## Material for the task
|---|

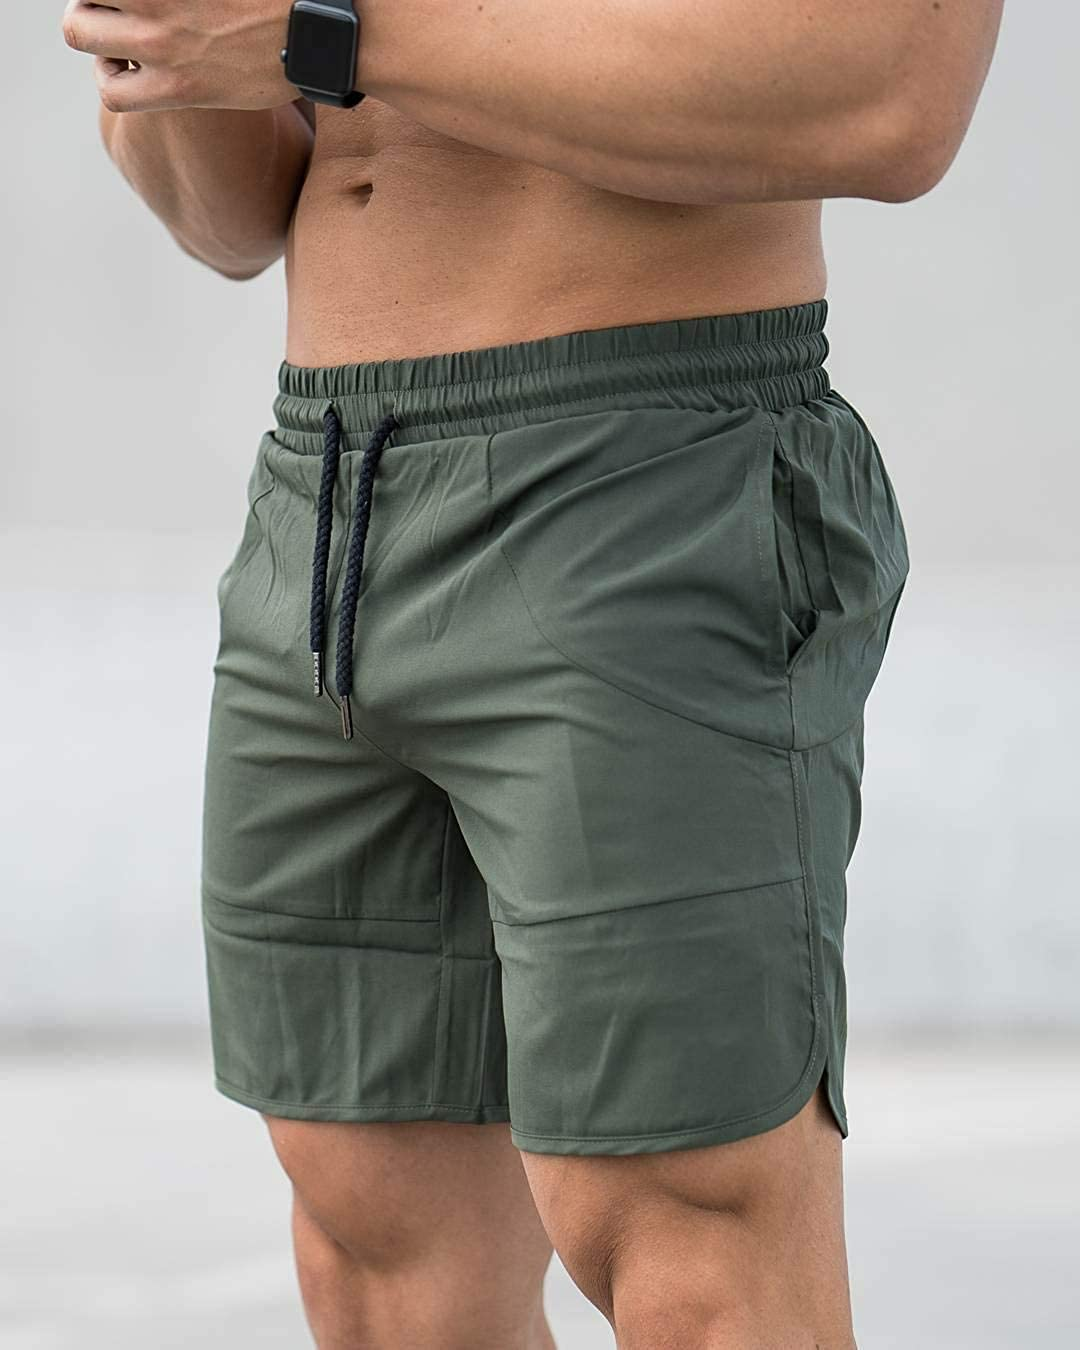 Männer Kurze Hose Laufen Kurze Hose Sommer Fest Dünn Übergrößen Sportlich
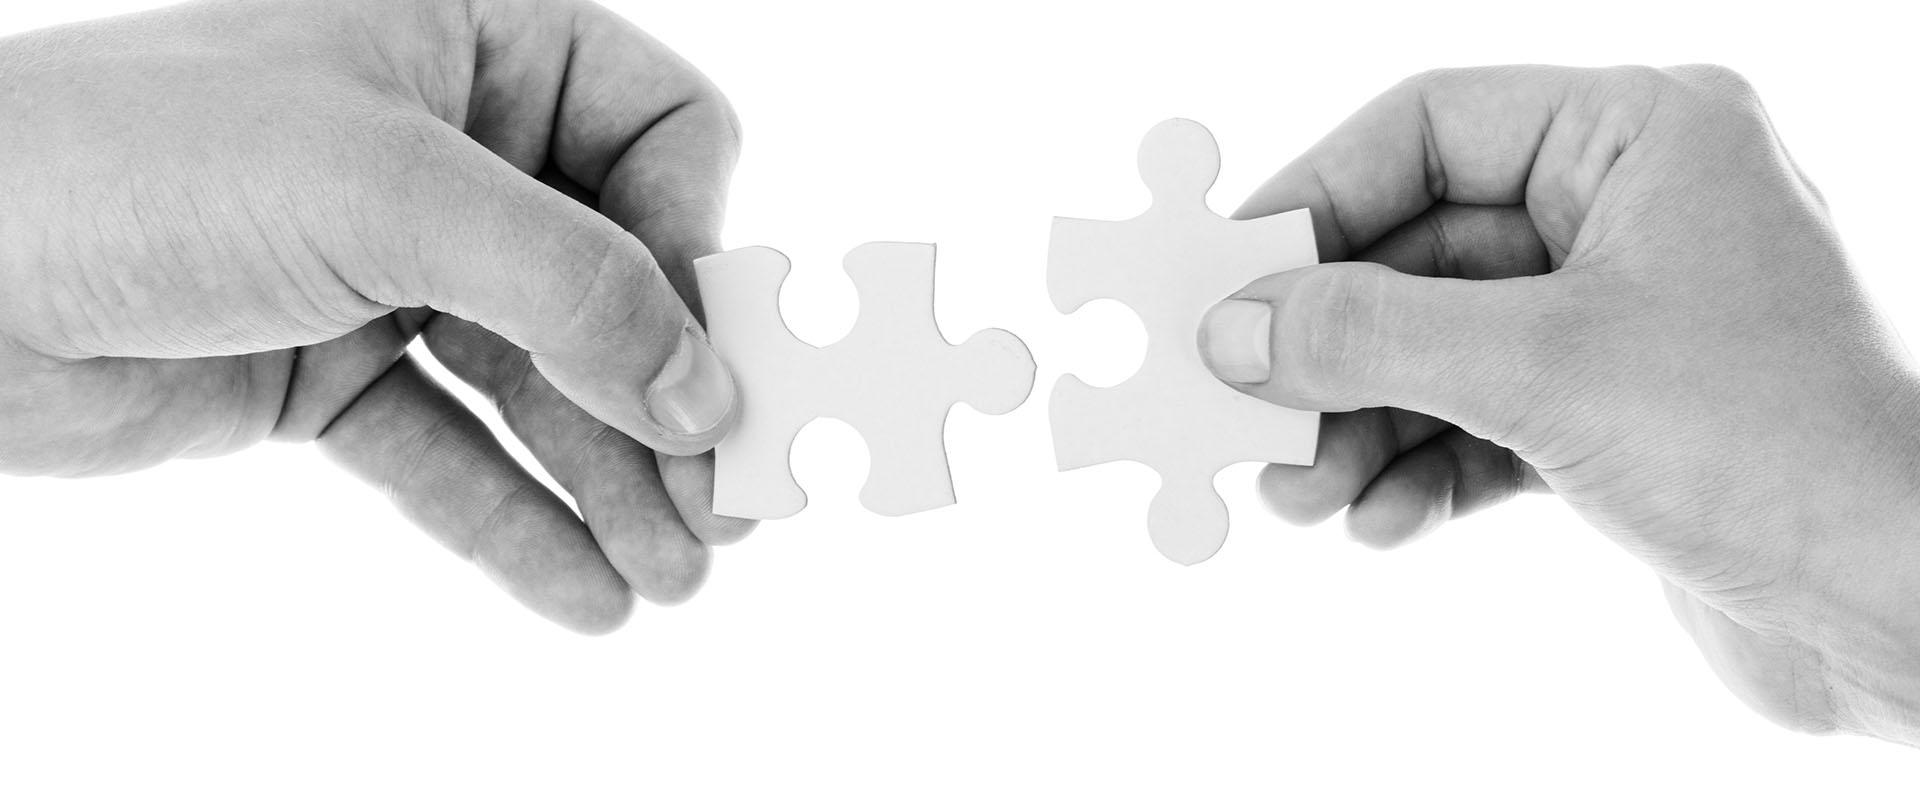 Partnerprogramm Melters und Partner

|---|

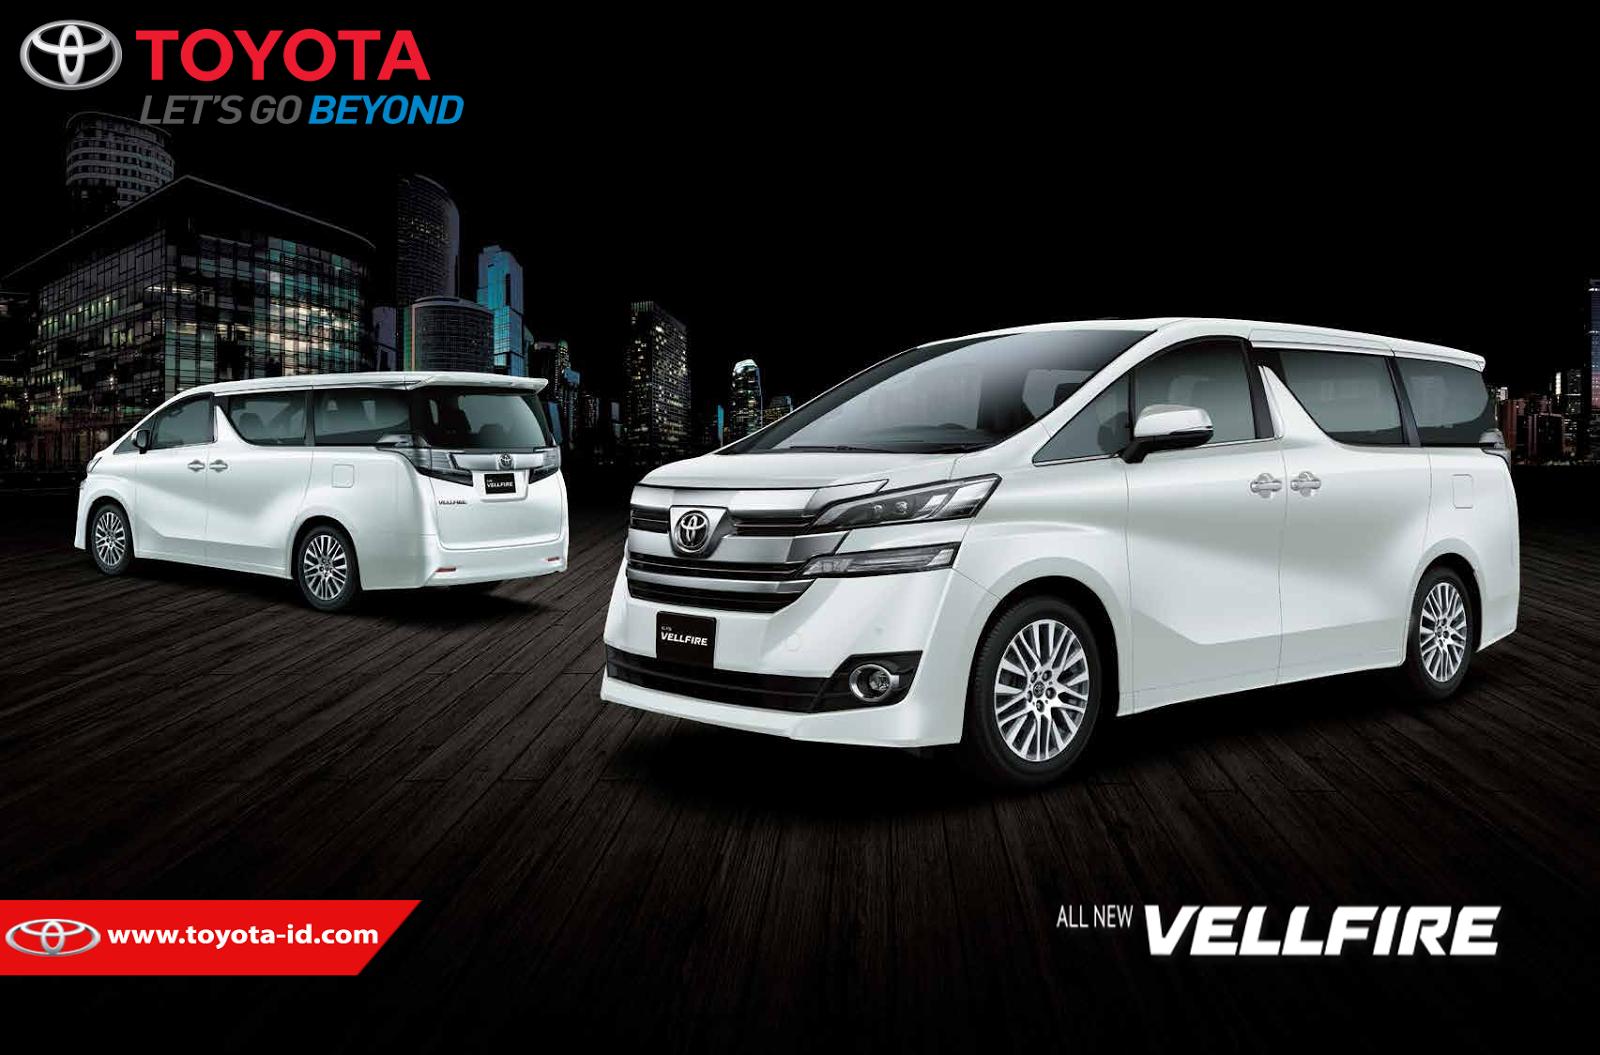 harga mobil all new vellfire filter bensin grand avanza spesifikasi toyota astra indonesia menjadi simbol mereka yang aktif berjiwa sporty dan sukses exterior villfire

|---|

## Work task
Please output the lines above beginning at the line with "Männer Kurze Hose" and ending after the line with "Partnerprogramm Melters und Partner", precisely as written and with no pictures.

## Solution to the exercise
 Männer Kurze Hose Laufen Kurze Hose Sommer Fest Dünn Übergrößen Sportlich
 Partnerprogramm Melters und Partner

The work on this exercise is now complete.